First, White House officials meet with “dreamers” who risk being deported; Mostly Indian: The Tribune India


Washington, May 20

For the first time, White House officials have met with a cross-section of documented ‘dreamers’, mostly American Indians, giving a patient ear to their concerns about aging and indicating there could be positive steps so that they don’t have to leave the country where they have spent most of their lives.

The so-called documented dreamers, estimated to number around 250,000, grew up legally in the United States but face deportation at age 21.

“We look forward to seeing positive policy changes, both administrative and legislative, to end aging,” said Improve the Dream, a youth-led grassroots organization fighting for the cause of Documented Dreamers.

Earlier this week, a large Improving the Dream representative group met with Betsy Lawrence, Assistant Assistant to the President for Immigration, and Erika L. Moritsugu, Assistant Assistant to the President and a Hawaiian-Pacific Islander American.

Although these children have been coming to Washington DC for a few years, this is the first time senior White House officials have met them.

“I really appreciated meeting the White House officials who took the time to come and listen to our stories and who were ready to help us. I enjoyed meeting them and I would like to thank them for all that they have made to help us the first group in our situation to meet with White House officials in the White House, it was a surreal experience and one that I will not forget,” Sri Harini Kundu said.

Harini came to America when he was seven years old and since then has lived in three US states of Texas, New Jersey and currently North Carolina.

He will be 23 in September this year. “I am currently in an F1 student visa status and will have to self-expel upon completion of my studies. I am about to graduate in the fall of 2022 with a bachelor’s degree in psychology from the University North.

“For years, I felt like I was forgotten by the government. Because I was able to share my experiences of being a documented dreamer who got older and my family was separated, I finally I felt like I was being heard. The Biden administration seems to be very empathetic to the hardships that thousands of us face each year. I’m more confident that some of the injustices will soon be resolved,” Eti told PTI . Eti and her twin sister Eva, who are now 25, were brought to the United States when they were seven when their father started his doctorate.

When they were in college, their father’s employer sponsored their father and dependents for a green card. After getting past the stage of applying for their parents’ visa and green card, Eva and Eti moved from a temporary visa to a temporary visa.

Eva was lucky enough to find an employer to sponsor her for a work visa and is about to enter the back of the 150-year-old green card line, while Eti is on a student visa international to complete his doctorate and is currently in no line.

Chandana Karumanchi said that after years of feeling lonely and her situation spiraling out of control, speaking to these government officials about her experience was truly a moment to remember.

“Senior officials recognizing our problems as real and requiring an immediate response agreed with the idea that Documented Dreamers have a place in American society. It really made me feel like I belong here. “opportunity to actively participate in our democracy, senior White House officials also left me feeling that I and everyone who is part of Improve the Dream could make a difference in our situation,” she said. .

These children also attended a press conference organized by influential US congressional lawmakers.

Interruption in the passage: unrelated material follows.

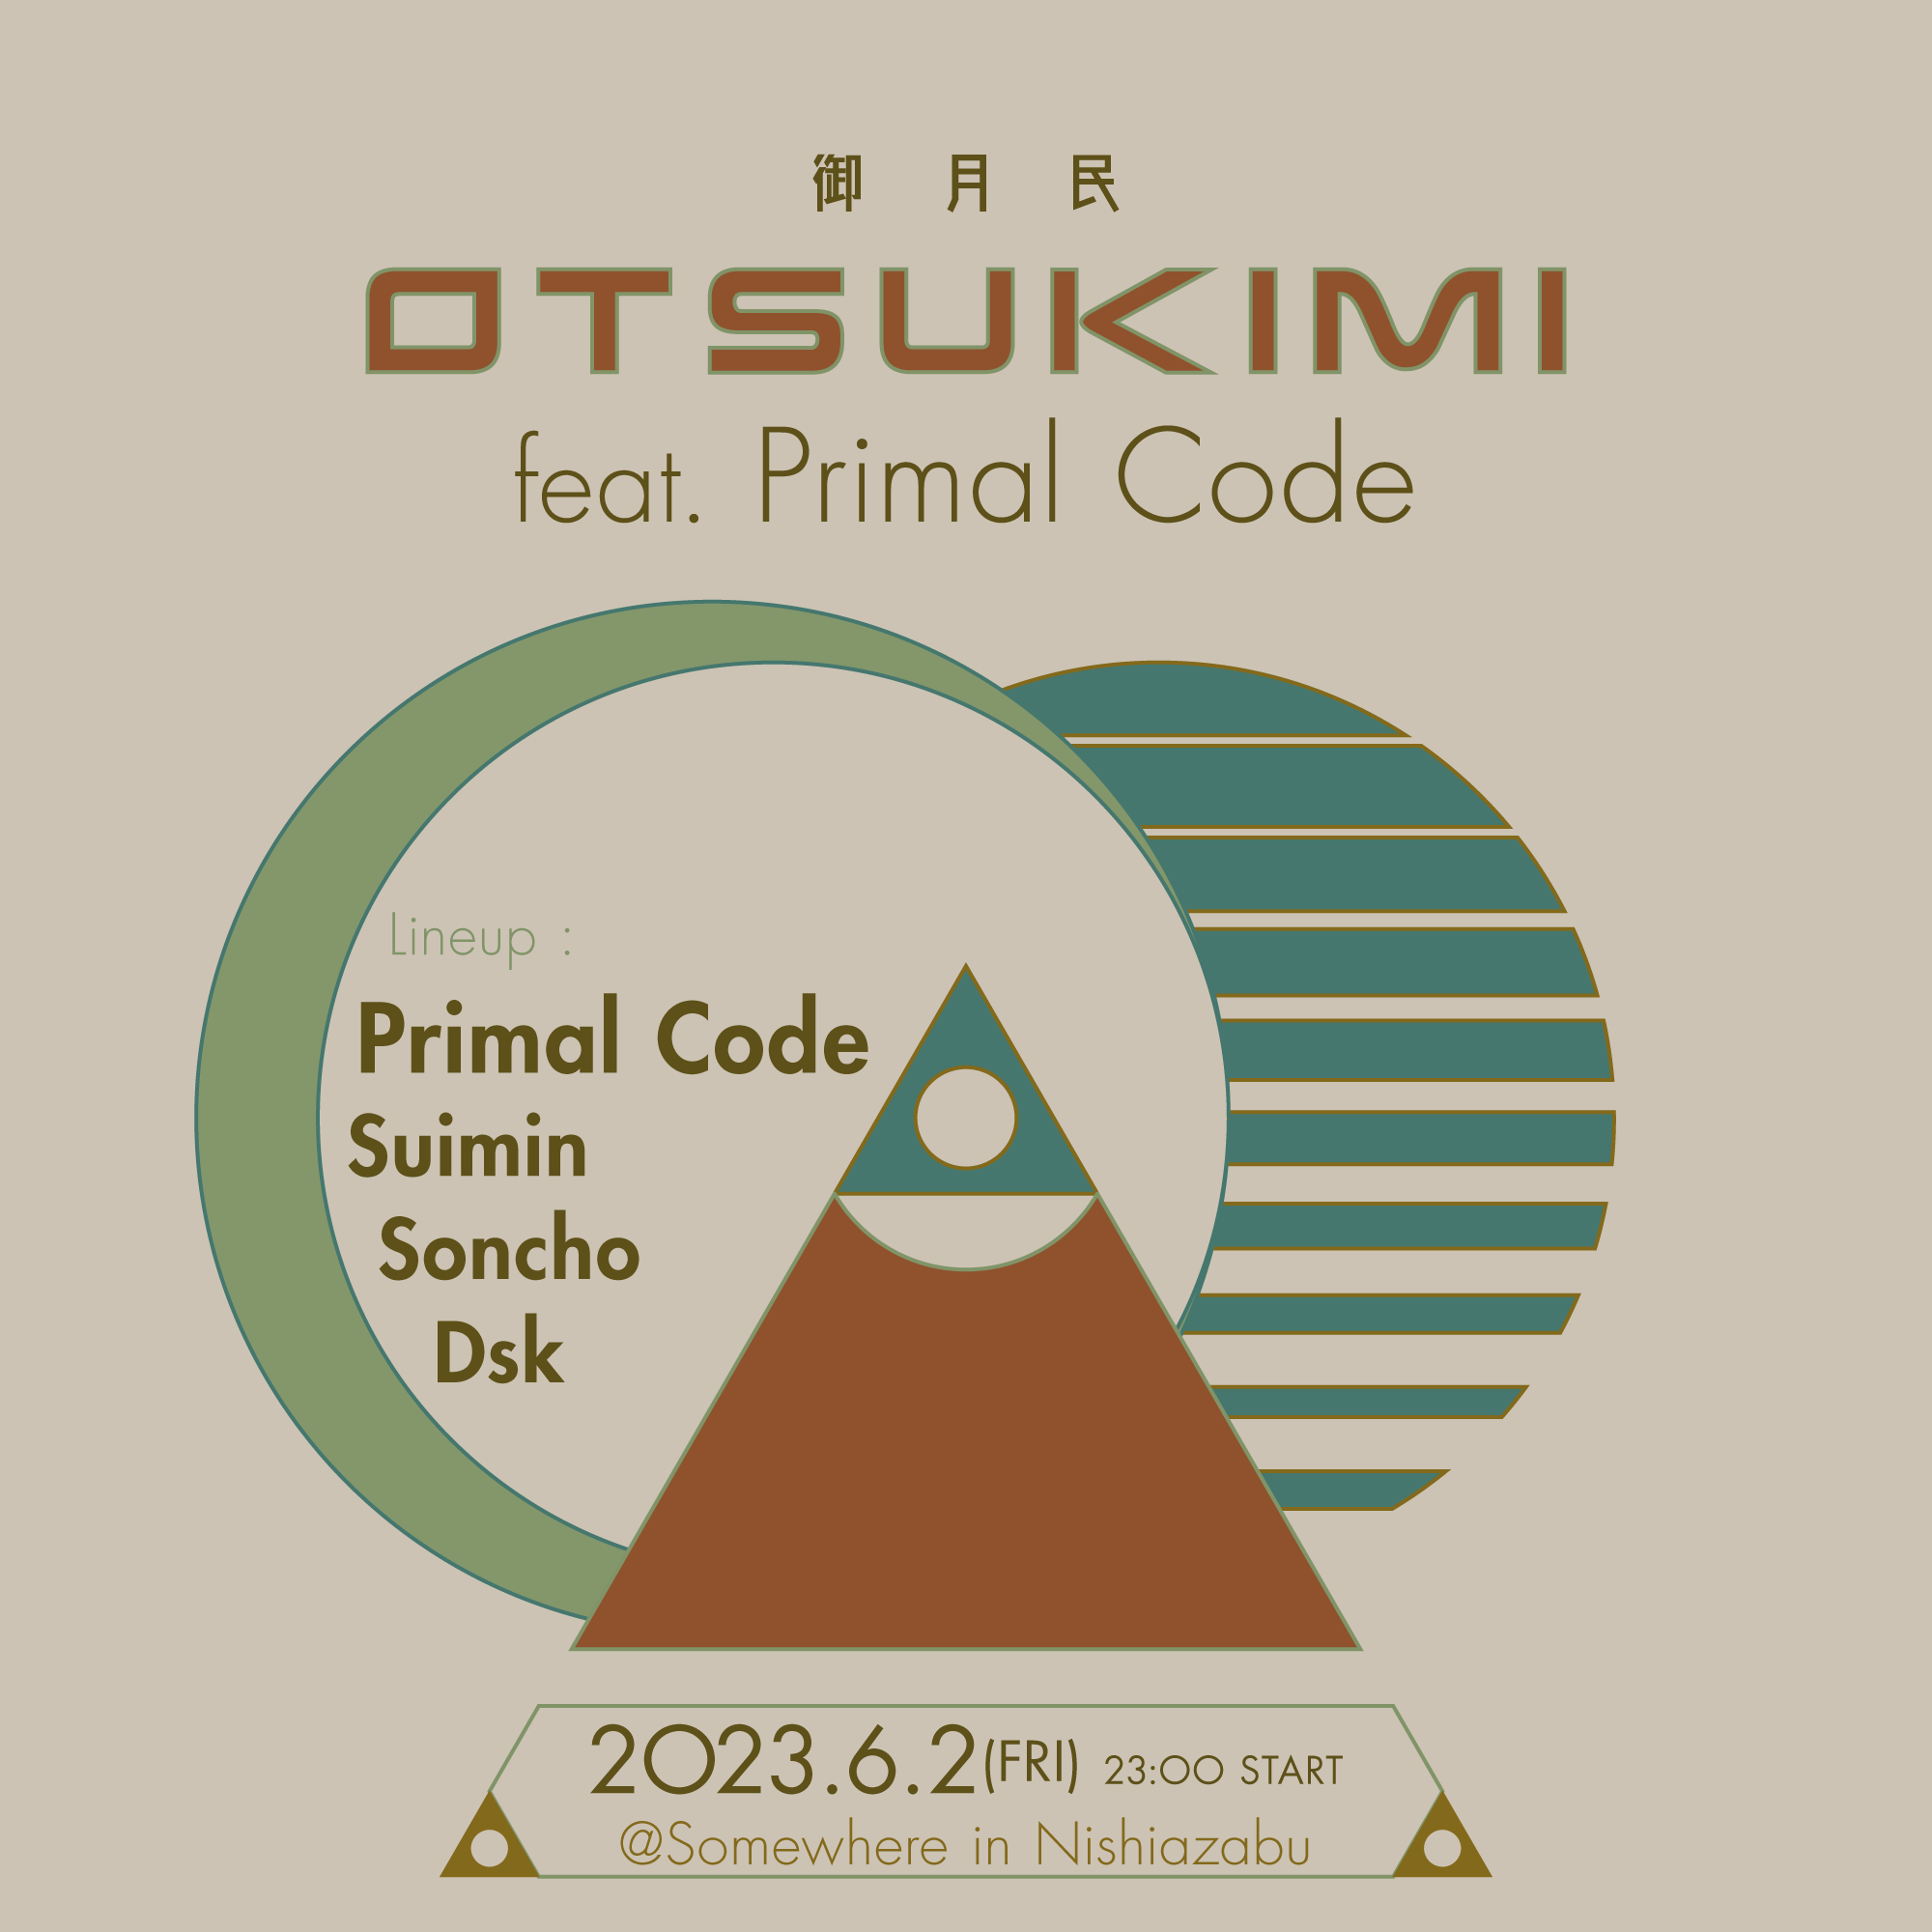 御月民 -OTSUKIMI- feat. Primal Code - フライヤー表

“Attending the press conference yesterday and having the chance to speak about my testimony with Rep. Ross has allowed me to represent and fight for change, not just for myself but for the 200,000 documented dreamers who are fighting for pursue their dreams and careers with constant fear. It was an honor to be heard and now we must put our words into action,” said 18-year-old Fedora Castelino.

“I came to the United States with my parents when I was seven years old and always dreamed of serving in our country’s armed forces. Throughout high school, I pursued an engineering degree in the hope to one day join an ROTC program in college and have a future in the U.S. Army Corps of Engineers. However, that was not possible due to my limitations on an H-4 visa,” he said. -he declares.

“For the first time, more than 20 young immigrants from Improve The Dream visited the White House this week and met with senior immigration administrators to discuss the issue of aging and the backlog of green cards for immigrants. concerned young people,” said Dip Patel, founder of Improve. the dream.

“This week, they not only got to tell their stories to the executive office, but also to their legislators – the members of Congress who represent them. representatives from Indiana, Florida, Iowa and more,” he said.

More than 250,000 children and young adults live in the United States as dependents of long-term nonimmigrant visa holders (including H-1B, L-1, E-1, and E -2). These people grow up in the United States, attend American schools, and graduate from American universities. Because they have retained their legal status, Documented Dreamers are not eligible for protection under Deferred Action for Childhood Arrivals (DACA) or the accompanying work authorization.

Last July, several lawmakers introduced the bipartisan Child America Act in the House and Senate. If passed, the bill would put an end to aging for good and offer these young people a pathway to permanent residency.